Final Composition Northern To add
5X SSC 2.5 ml 20X SSC
ddH2O 6.8 ml ddH2O
2.5X Denhardt's 0.5 ml 50X Denhardt's
0.05% NaPPi 0.1 ml 5% NaPPi
0.1 mg/ml yeast tRNA 0.1 ml 10 mg/ml yeast tRNA
2. Northern: For glyoxal gels, incubate membrane in 20 mM Tris, pH 8 for 5 minutes at 65°C. Float
membrane in 5X SSC and submerge for 2 minutes to wet.
3. Place blot in HYB solution in sealable tray. Prehybridize at 37°C for 1 hour.

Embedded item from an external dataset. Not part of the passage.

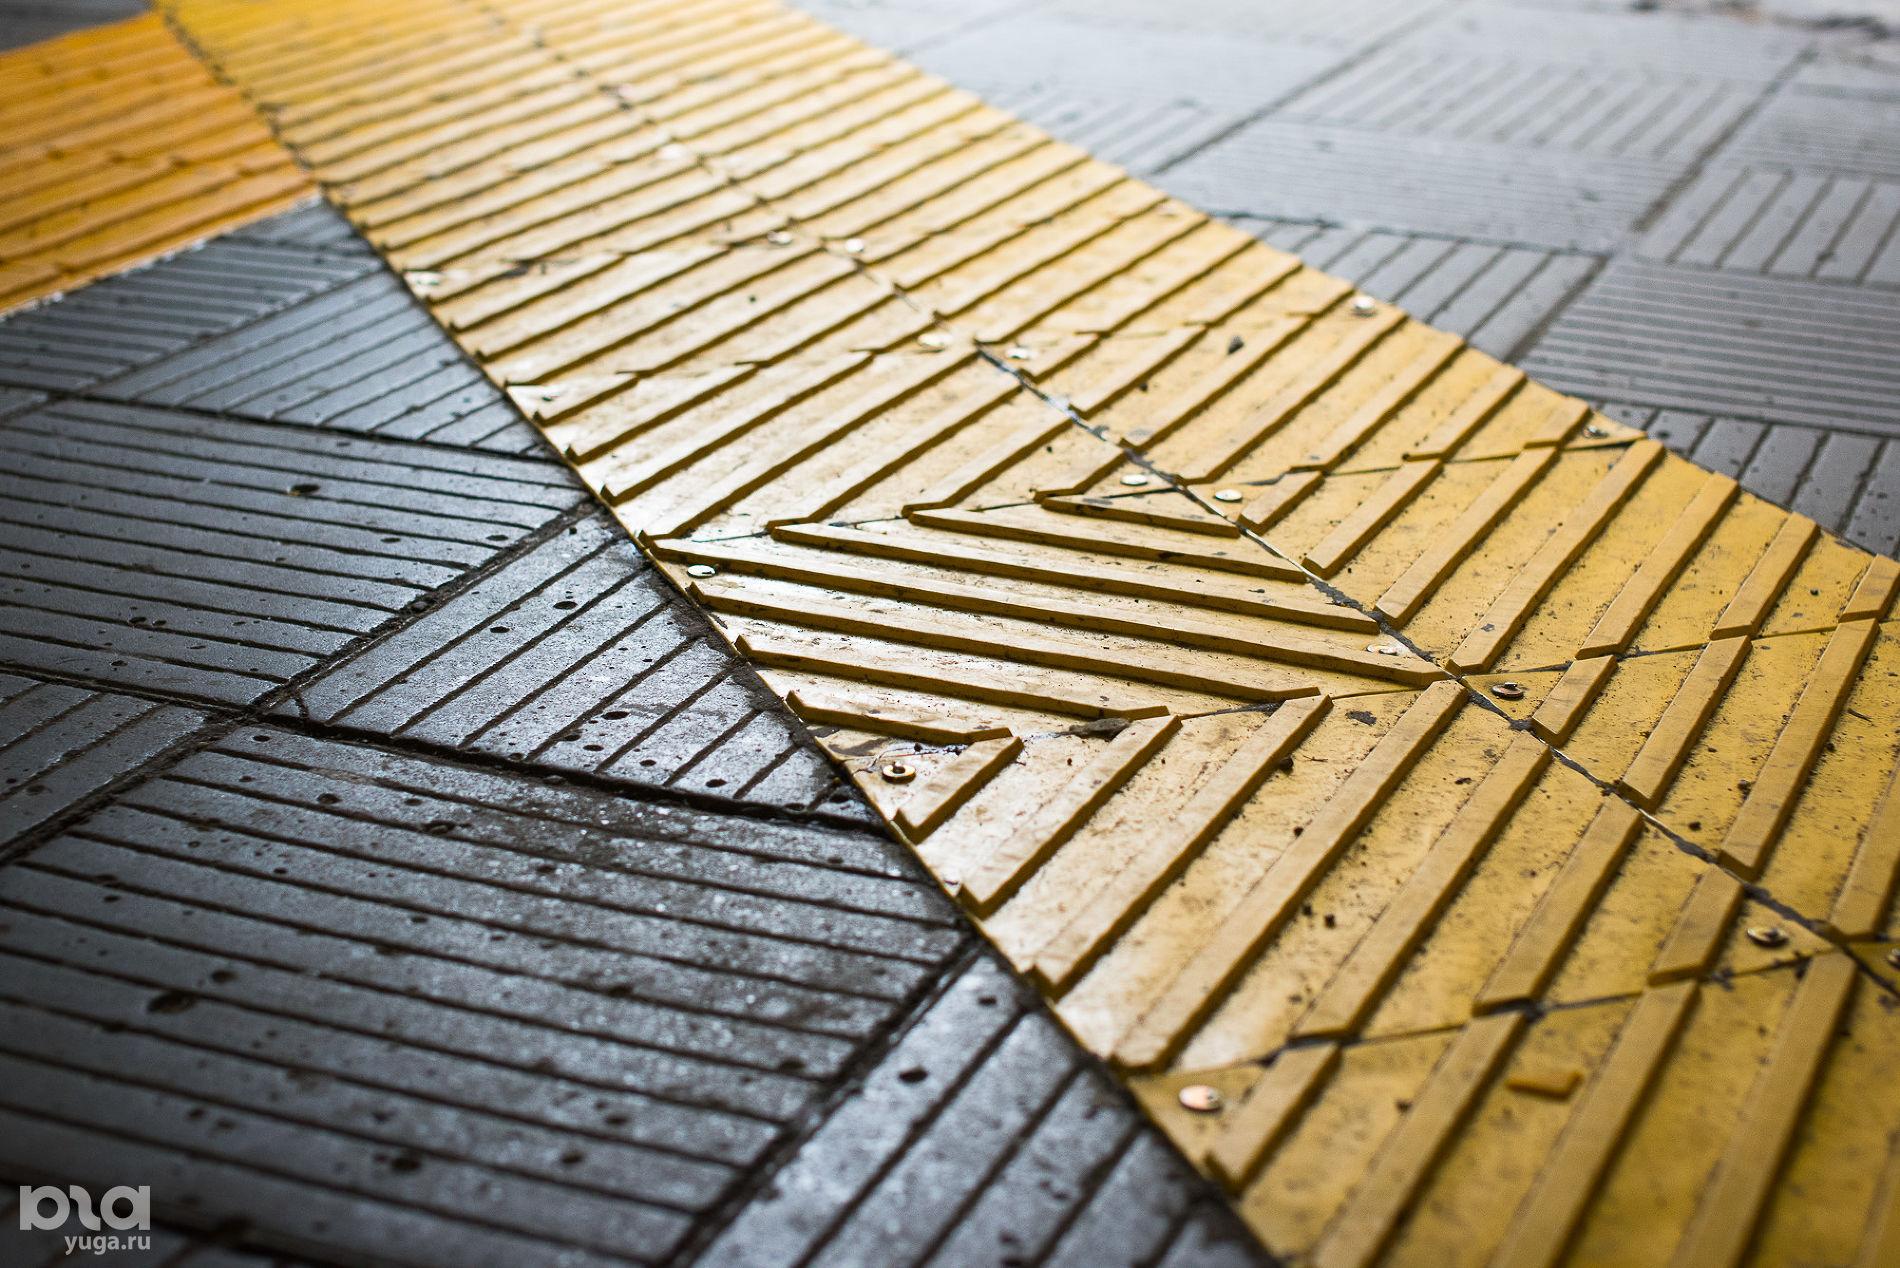 Тактильная плитка с диагональными рифами в подземном переходе на улице Старокубанской, обозначает поворот  ©Фото Елены Синеок, Юга.ру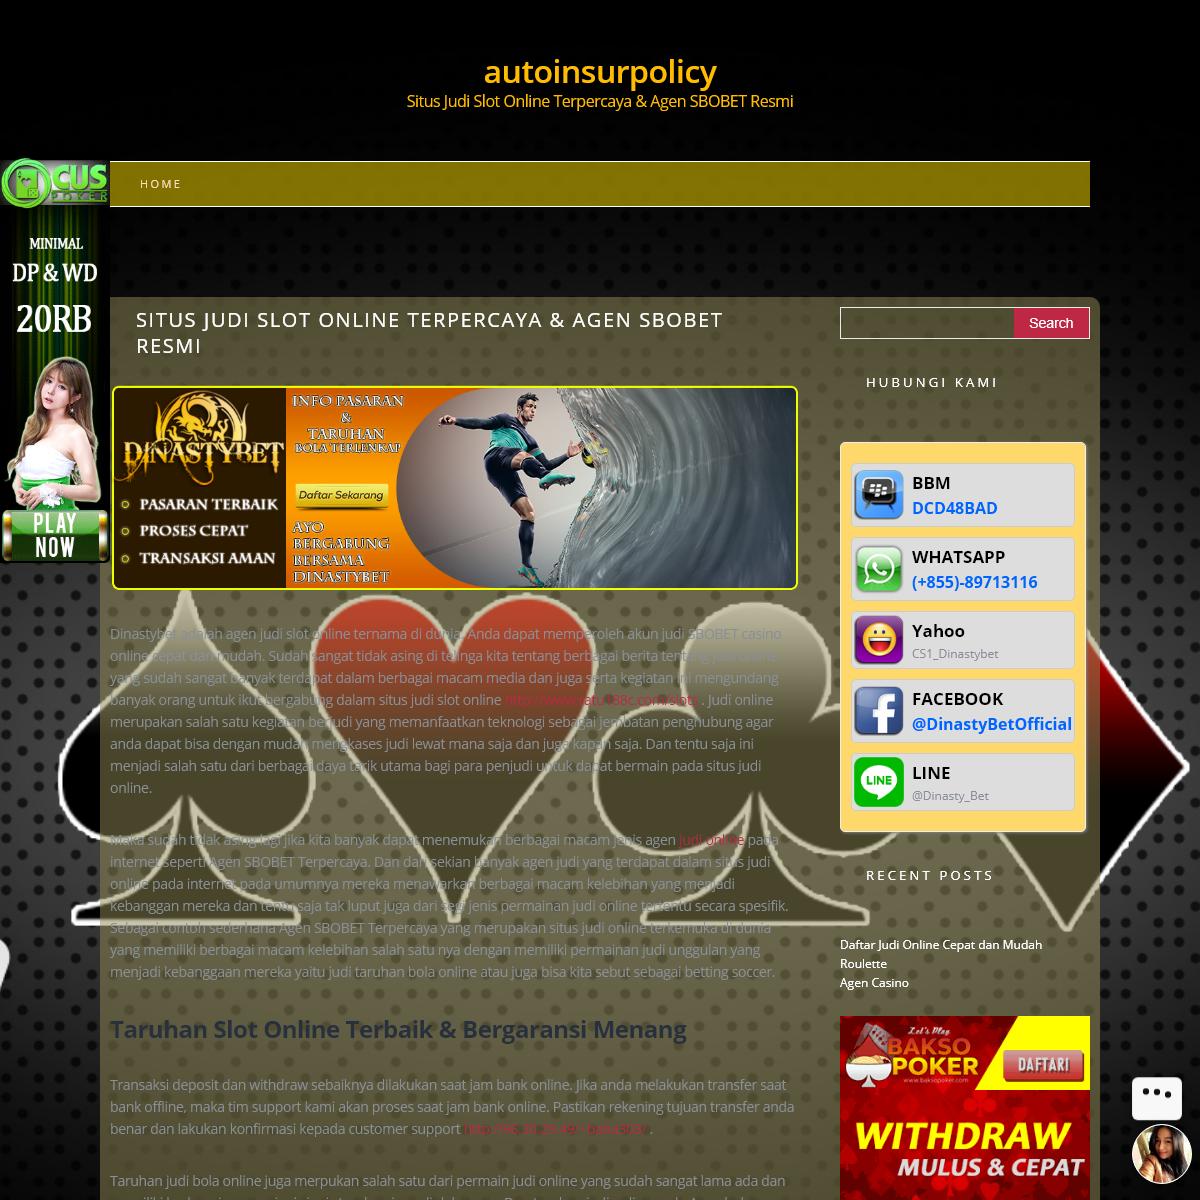 autoinsurpolicy – Situs Judi Slot Online Terpercaya & Agen SBOBET Resmi

4. Remove 1 ml of HYB solution from tray, mix with labeled oligonucleotide probe, add back to tray.
5. Incubate overnight at 37°C.
6. Transfer filter to fresh tray containing 5X SSC/0.05% NaPPi at RT.
7. Gently agitate for 5 minutes at RT. Repeat wash twice more for 5 minutes each.
· Note for steps 7-9: Do not wash for longer than 5 minutes at each step. Short hybrids are not
very stable. Long wash times will reduce signal intensity.